In Ireland, meanwhile, the length of the new media mergers regulatory process was the subject of criticism from the parties that were involved in its first full testing: Independent News & Media (INM) and regional newspaper group Celtic Media.
INM, having announced its plan to buy Celtic Media in September 2016, walked away from the acquisition in June just before Minister for Communications Denis Naughten was due to make his ruling, the recommendation on his desk being that the purchase should only be permitted if no jobs were lost.
Reverse the trend?
For as long as Communicorp-owner Denis O’Brien remains INM’s largest shareholder, the media group may find it incredibly difficult, amid serious news plurality concerns, to boost its revenue through acquisitions. And in a declining market, how else can it reverse the trend?
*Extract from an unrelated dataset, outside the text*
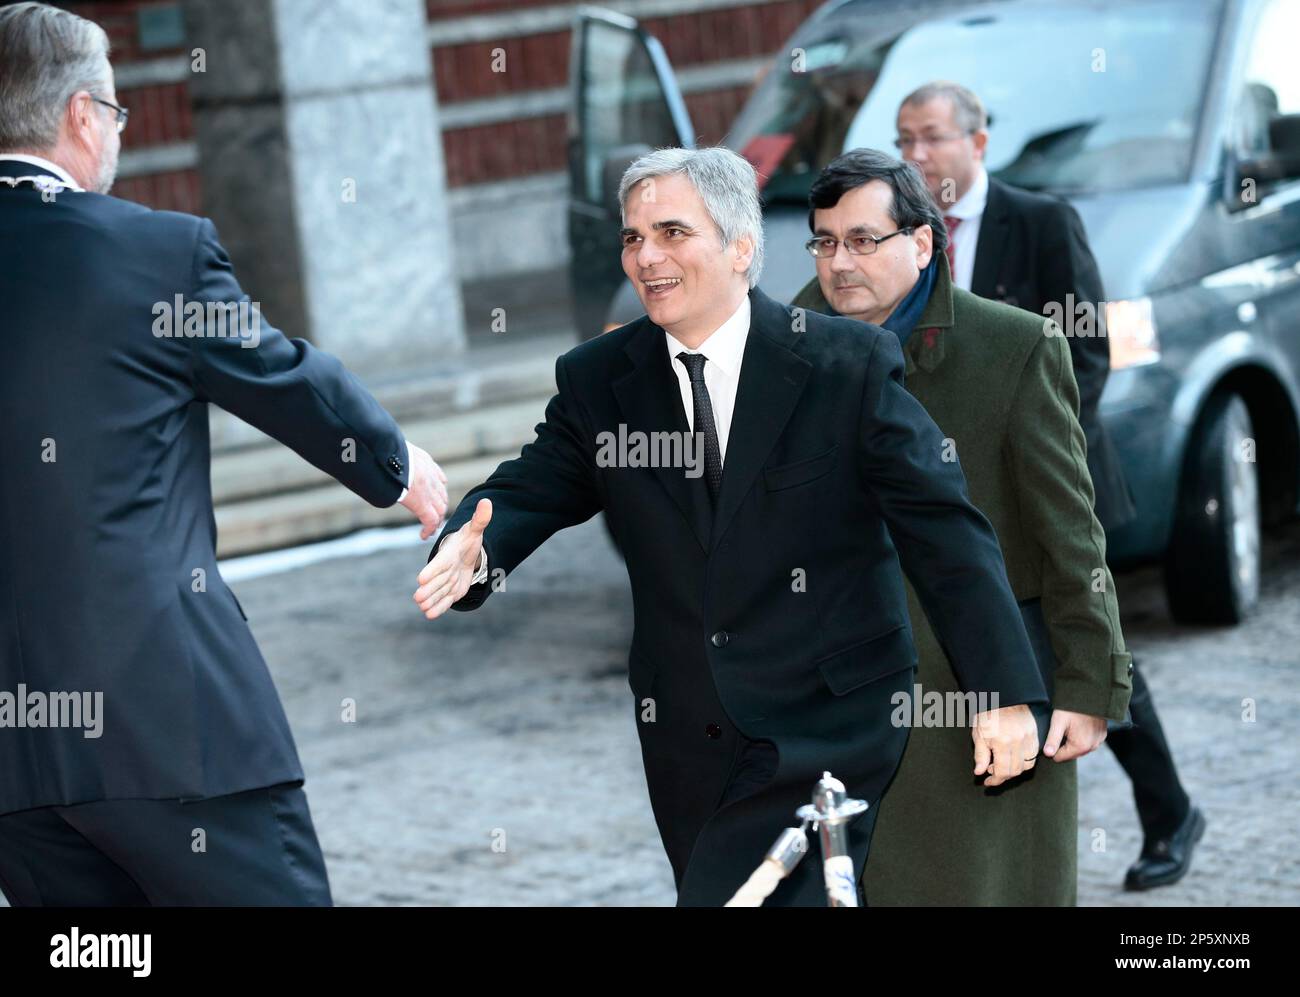 Austrian Prime Minister Werner Faymann is greeted by Oslo mayor Fabian Stang, left, outside the City Hall prior to the Nobel Peace Prize presentation ceremony Monday Dec. 10, 2012. (AP Photo / Stian Lysberg Solum, NTB scanpix) NORWAY OUT Stock Photo
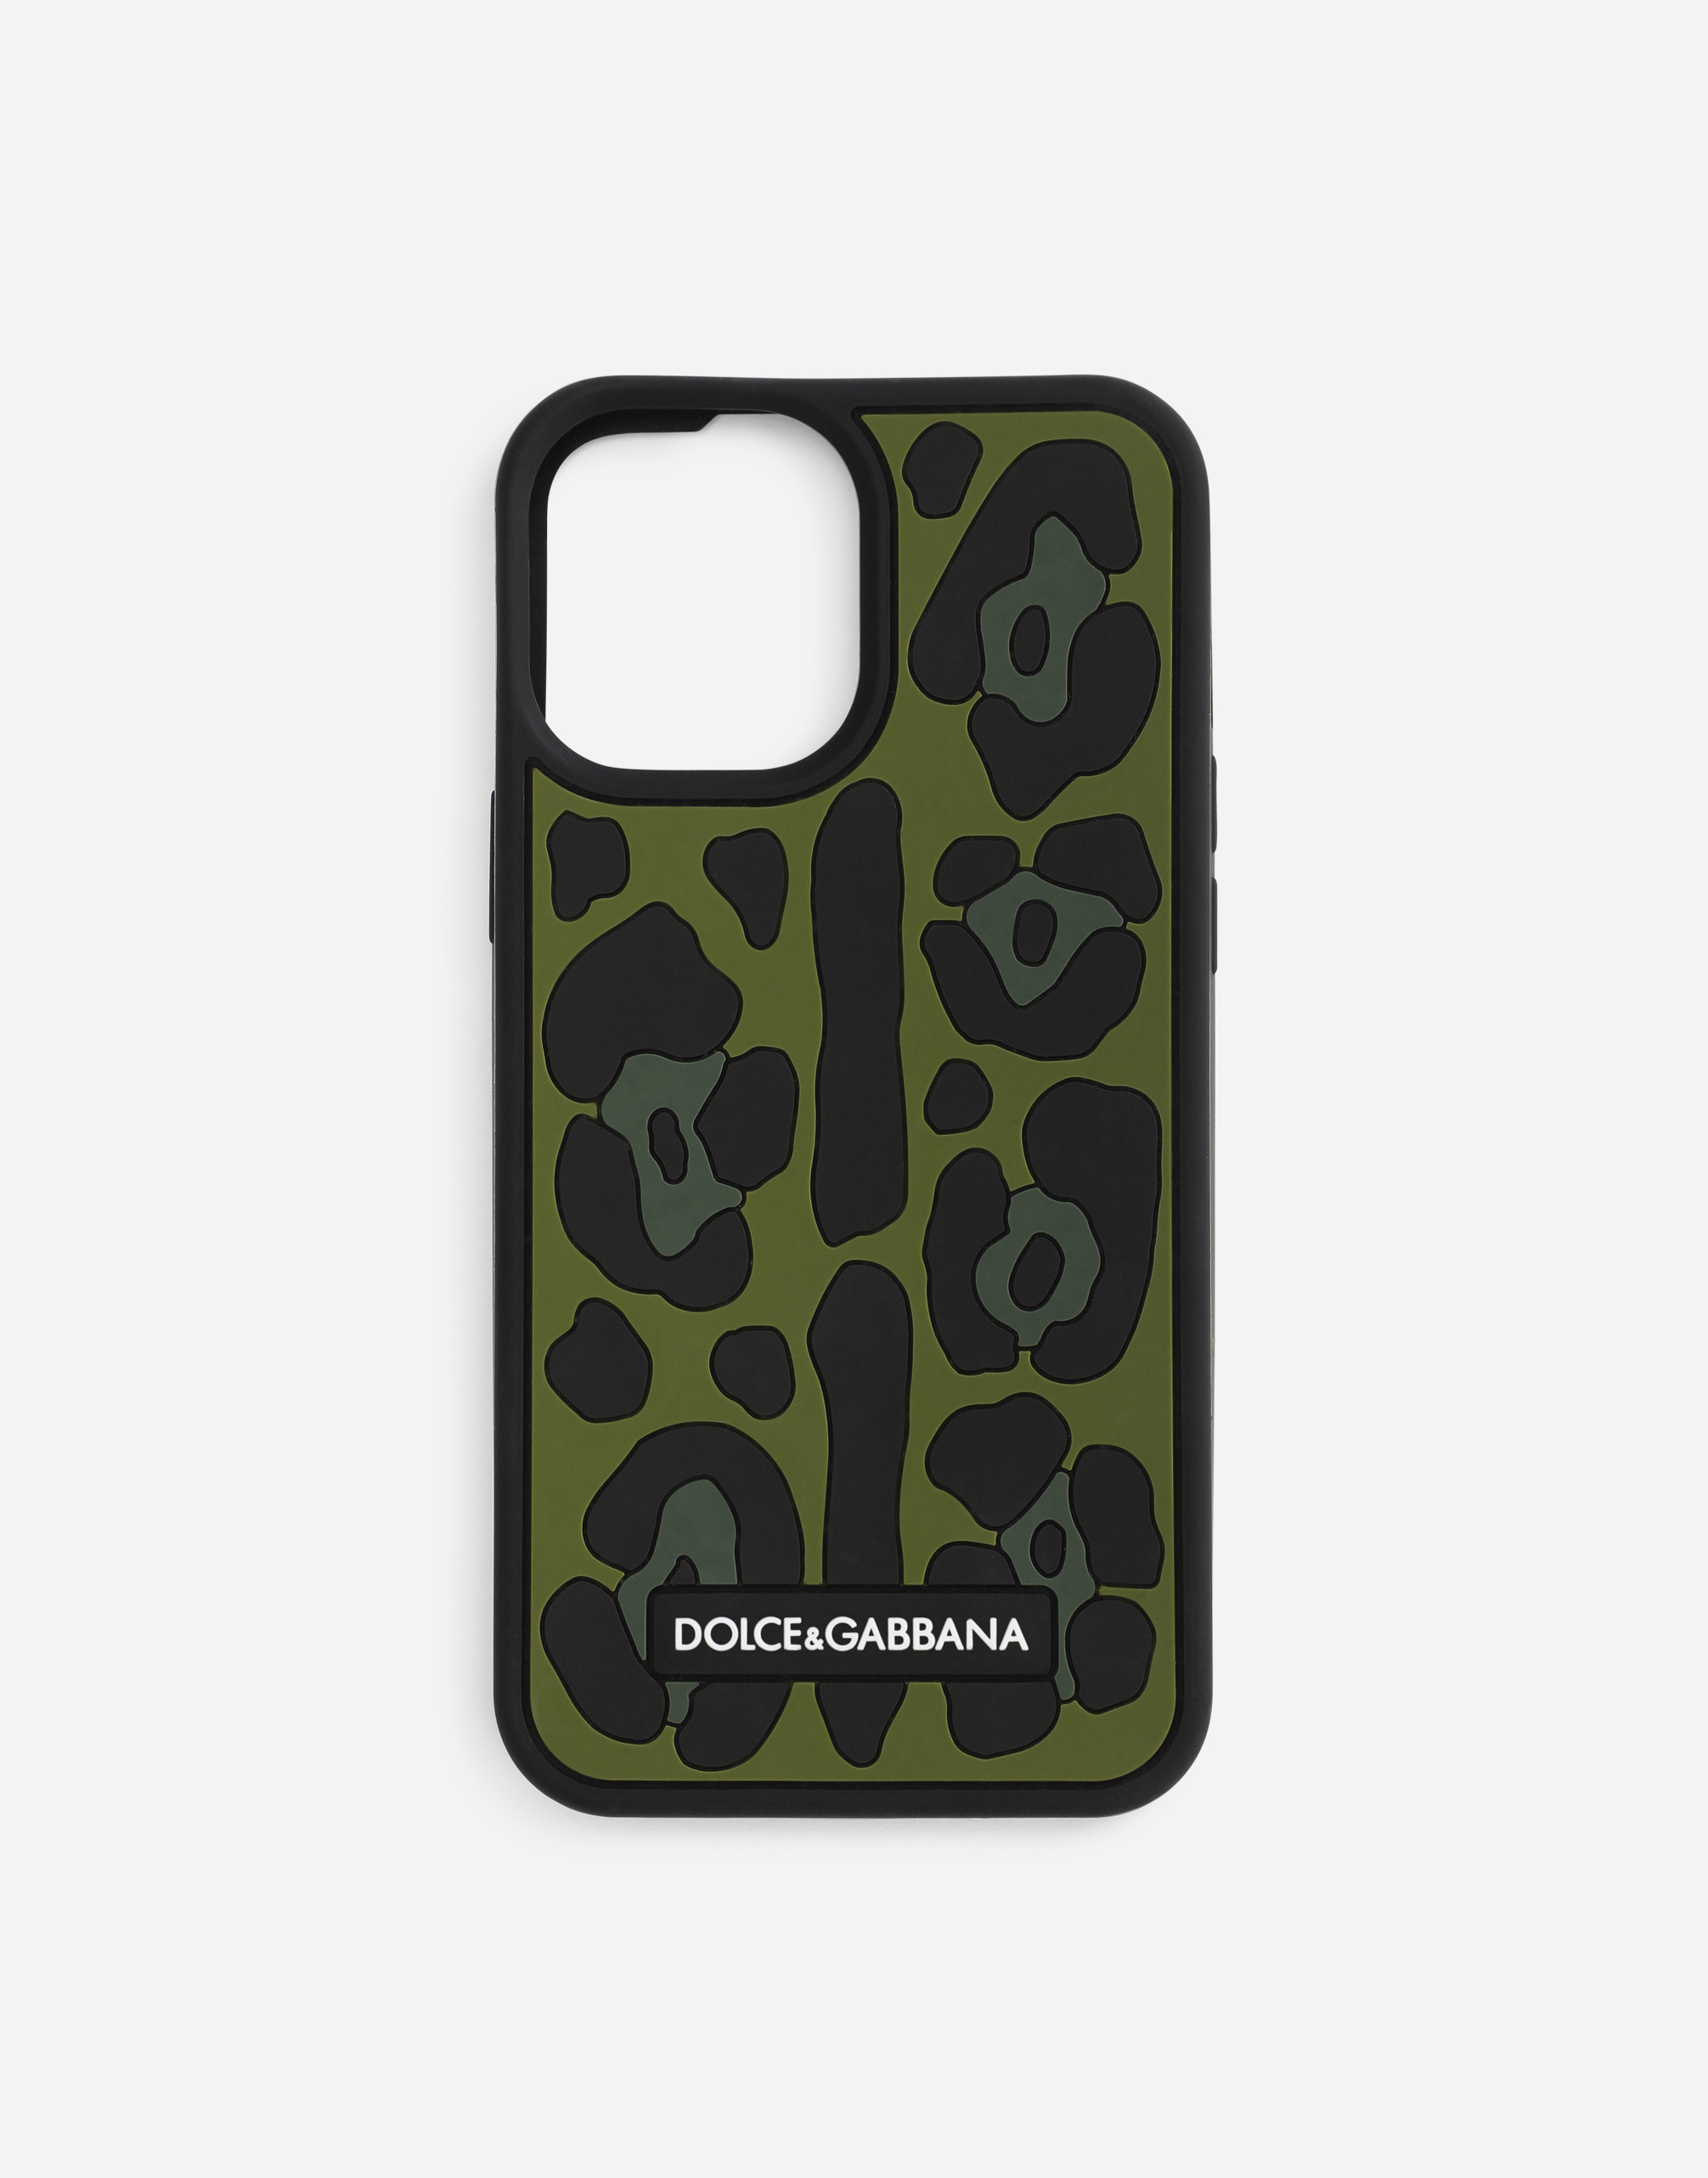 Rubber iPhone 12 Pro Max cover with leopard print against a green background in Multicolor

December brought the announcement of two proposed media industry acquisitions, one local, one multinational, that qualify for true “end of an era” status.
As Ted Crosbie said to the newsroom floor of the Irish Examiner, the newspaper survived the Famine, the War of Independence, the Civil War, two World Wars and several recessions. But the last of these recessions, which followed a period of overspending on acquisitions, coincided with the rise of digital news consumption, spelling the end for the Crosbie family’s five-generation involvement. The company behind The Irish Times will buy Examiner parent Landmark Media Investments if it receives the regulatory approval to do so.
Then, in what may or may not be the last significant deal to be unveiled this year, Disney has signed up to pay $52.4 billion for the film, television and international businesses of Rupert Murdoch’s 21st Century Fox, potentially uniting Star Wars with The Simpsons.
The deal includes Fox’s 39 per cent shareholding in Sky, creating a Russian doll of proposed acquisitions, as the UK’s competition watchdog is in the middle of assessing Fox’s pre-existing bid for the 61 per cent of Sky that it doesn’t own.
With that nice Disney set to be the ultimate owner, rather than newspaper-owning, Westminster-watching Murdoch, approval may be more readily forthcoming, though the fate of loss-making Sky News must now be considered more uncertain than before.
Such global deals are often described as mega-mergers. But their size and potential impact can be in the eye of the beholder. As AT&T boss Randall Stephenson made sure to say during an initial hearing on the AT&T/Time Warner deal, the combined entity would still be “about half the size of the companies that present the real competitive threat” – in other words, Big Tech.
There is a new world order. A critical question for competition regulators in 2018, therefore, is not whether media mergers should be allowed to go ahead, but whether certain big tech players should be broken up – and, if so, how?